Help...seek and destroy with MS Word

valkyriesound · 11-06-2006, 08:24 AM

I've got a rtf that I converted from a pdf... the pdf had annoying headers and footers on every page that I can't seem to get rid of? They're the file name "c://my%docs%....etc"

When I OCR the pdf to rtf these headers and footers become part of the text.
I used MS Word to "find" and delete most of this stuff.... but I can't figure out how to make it "find" the part of the footer that has all the page numbers because they're different on each page. Example (1 of 100) (45 of 100)
Is there a way to make word find (1 of x) and eliminate it?

Or... if you know how to remove these headers from the PDF. (They don't show up the the headers options area)

Thanks!

Bob Russell · 11-06-2006, 08:40 AM

I've found similar problems when I do a "save as text" from Adobe Acrobat Reader, but I get page numbers and other artifacts like extra blank lines between pages and sometimes the very first letter of a chapter goes to the bottom of the page.

If it's just text, and the anomalies follow a consistent pattern, and you know a little *nix, maybe that can be done with the std text pattern tools.
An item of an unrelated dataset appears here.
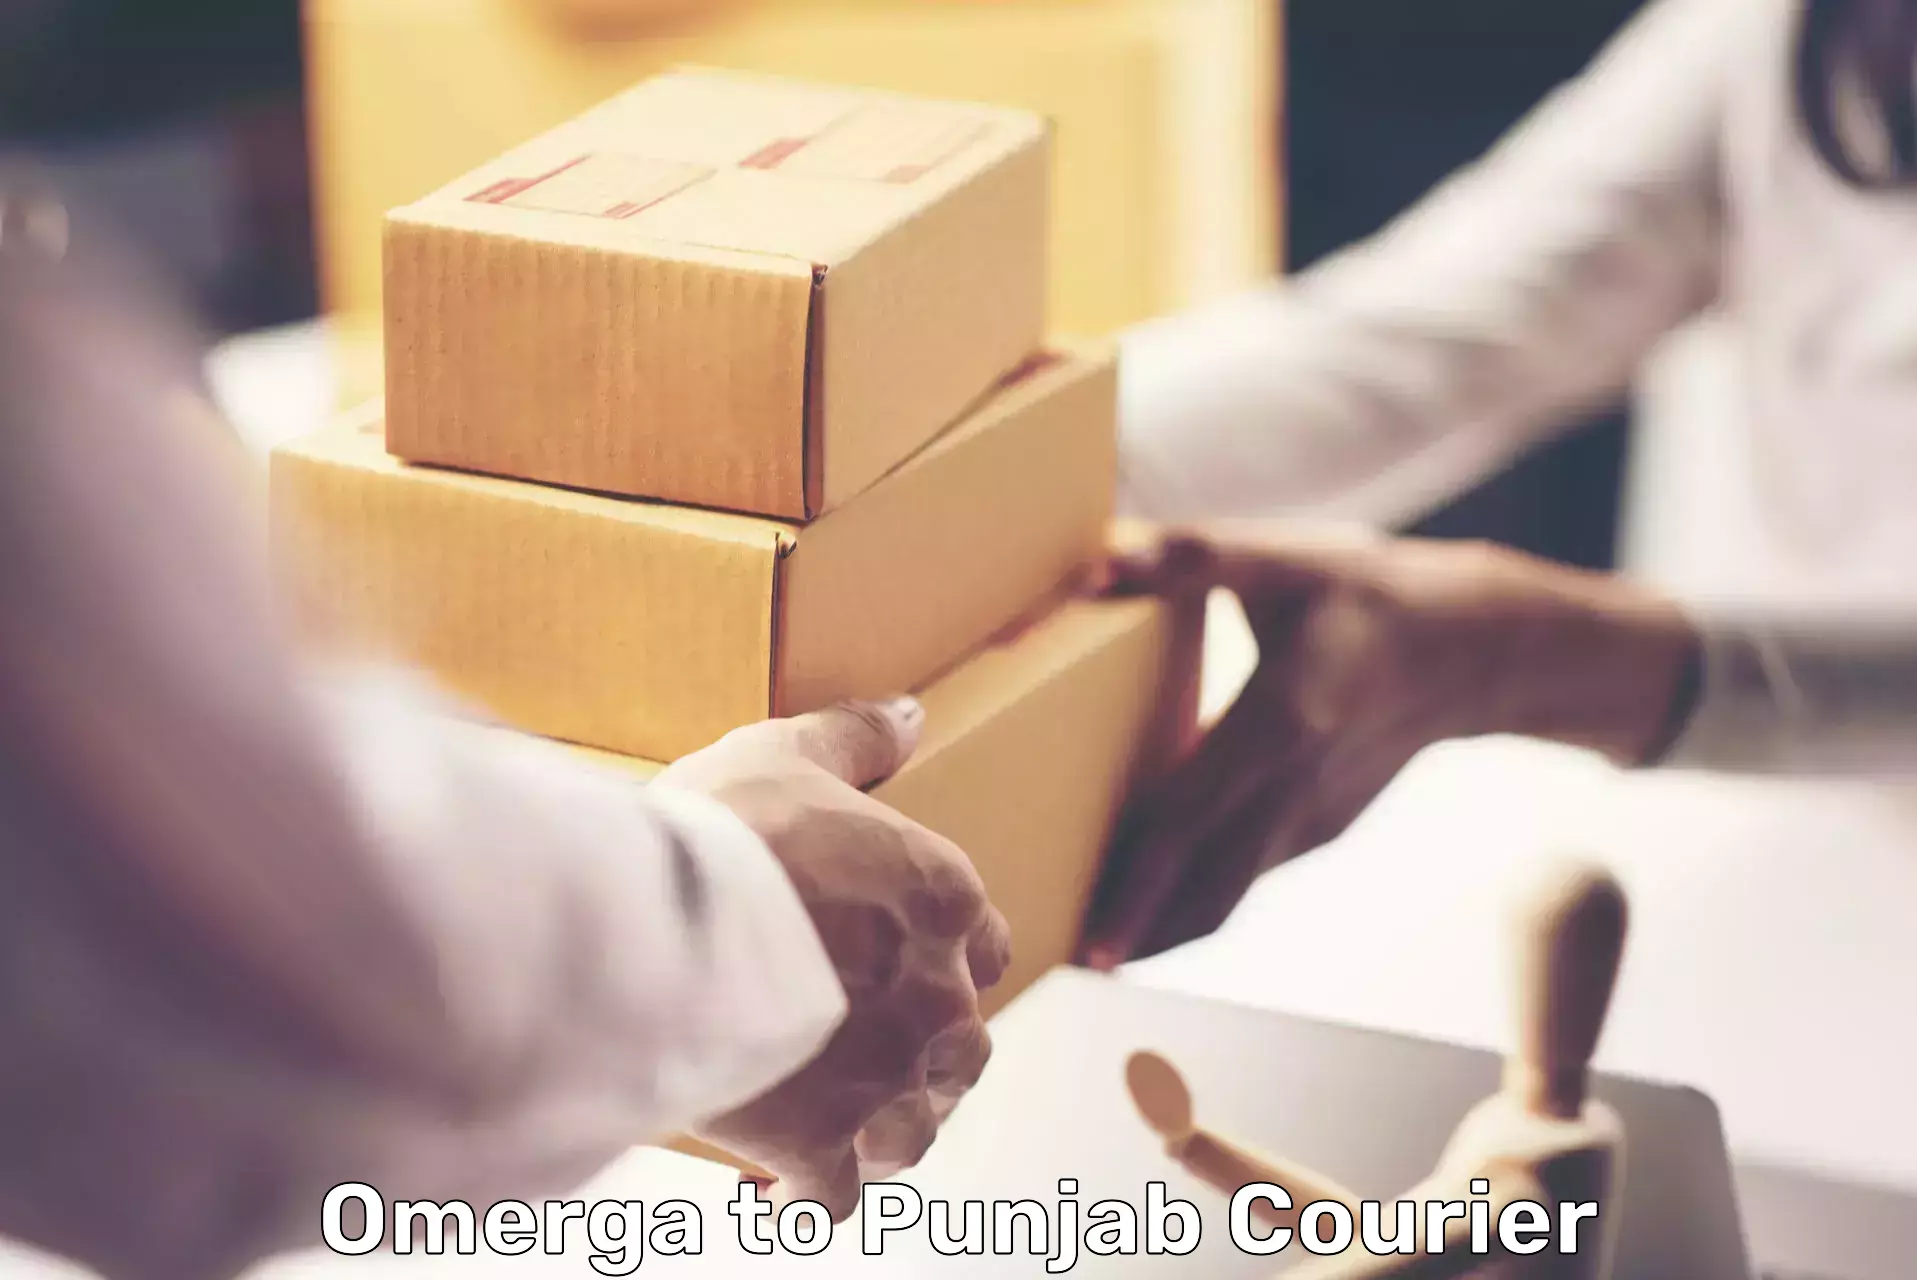 Secure packaging in Omerga to Zirakpur

But, of course, that would be inaccessible if you don't know it well enough (like me).

valkyriesound · 11-06-2006, 10:04 AM

Quote:

Originally Posted by Bob Russell

If it's just text, and the anomalies follow a consistent pattern, and you know a little *nix, maybe that can be done with the std text pattern tools. But, of course, that would be inaccessible if you don't know it well enough (like me).

I'm new... what's *nix and std text pattern tools? Links?

Yeah... anyone know a quick way to get rid of those extra blank spaces it adds?

Antartica · 11-06-2006, 10:13 AM

Quote:

Originally Posted by valkyriesound

Example (1 of 100) (45 of 100)
Is there a way to make word find (1 of x) and eliminate it?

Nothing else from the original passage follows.